Manufacturing,Industrial Engineering & Maintenance Engineering : Wear and Debris Analysis

• No matter how wear-resistant the surfaces are, with time, particles from the surface of the mating machine members will be dislodged by a wear phenomenon and will be deposited in the lubricating oil.
• The concentration of such wear particles, their size, shape, and composition provide ideas to the maintenance engineer regarding the health of the machine. Further, due to the deposition of wear particles in the lubricant (which may be oil or grease), the physical and chemical properties of the lubricant change.
• Thus, by measuring these properties of the lubricating oil, an indication of the machine’s health can be obtained.

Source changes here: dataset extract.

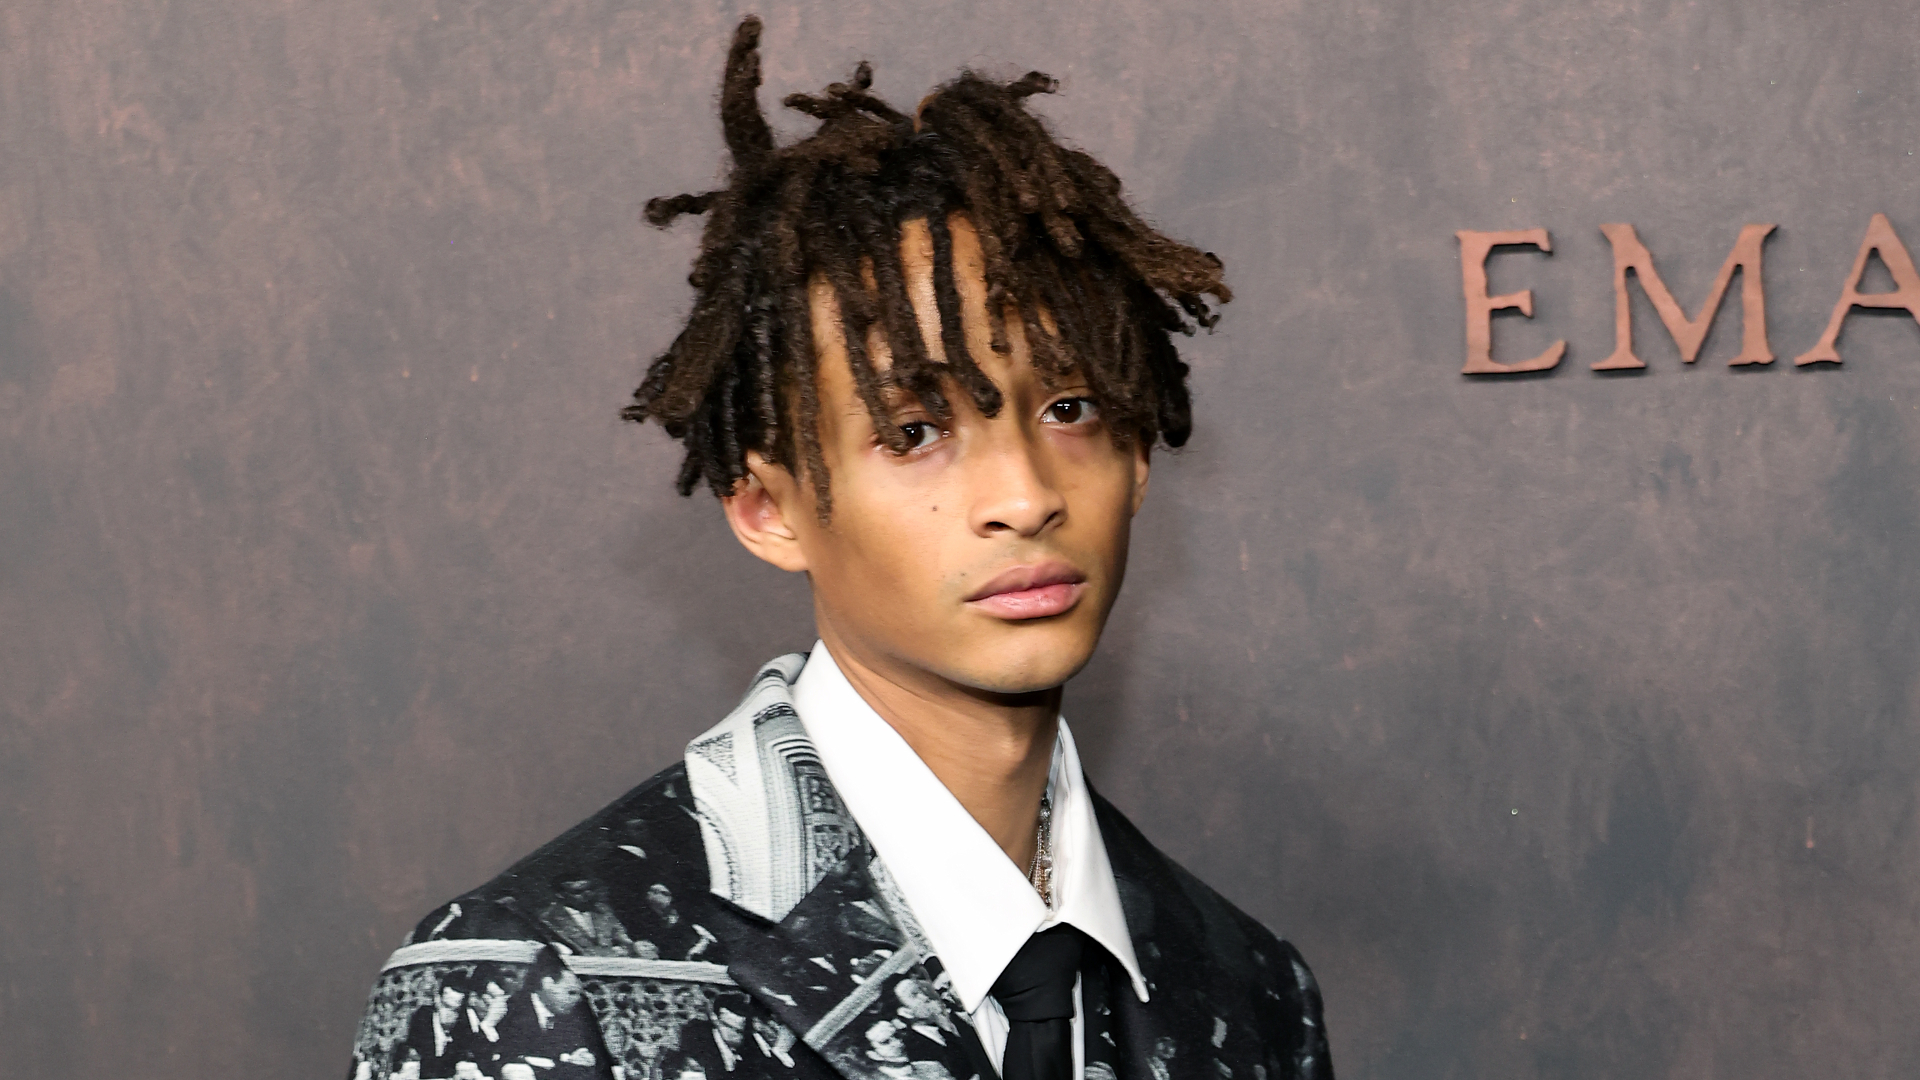 Nepo-baby's troubled existence: What became of Jaden Smith
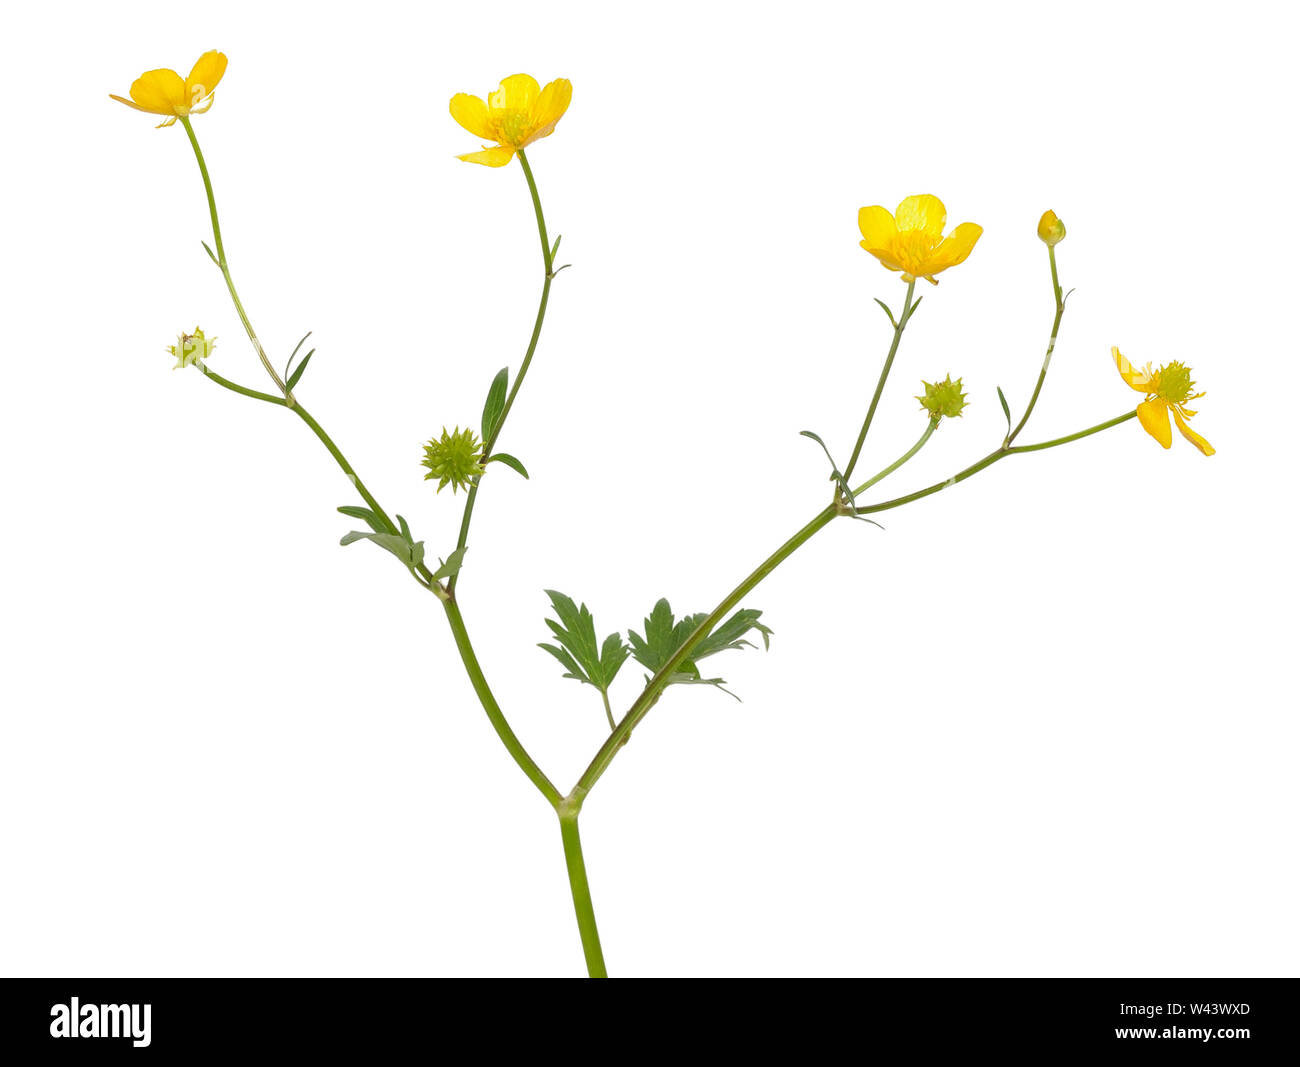 Meadow buttercup ( Ranunculus acris) flower isolated on a white background Stock Photo

Types of lubricant analysis

The lubricant analysis can be grouped into following three categories.

(i). Fluid properties analysis:

Information on a lubricant's physical and chemical properties such as viscosity, total acid number, demulsibility, additives are considered during this analysis.

(ii). Fluid contamination analysis:

The presence of contaminations such as dirt, glycol, soot, fuel, water etc., in the oil are analyzed to monitor condition.

(iii). Wear debris analysis:

In this analysis, the concentration and characterization of wear metals and other contaminants are suspended in used oil mainly from the machine components through which the oil interfaces and generates some wear metals and wear particles are analyzed.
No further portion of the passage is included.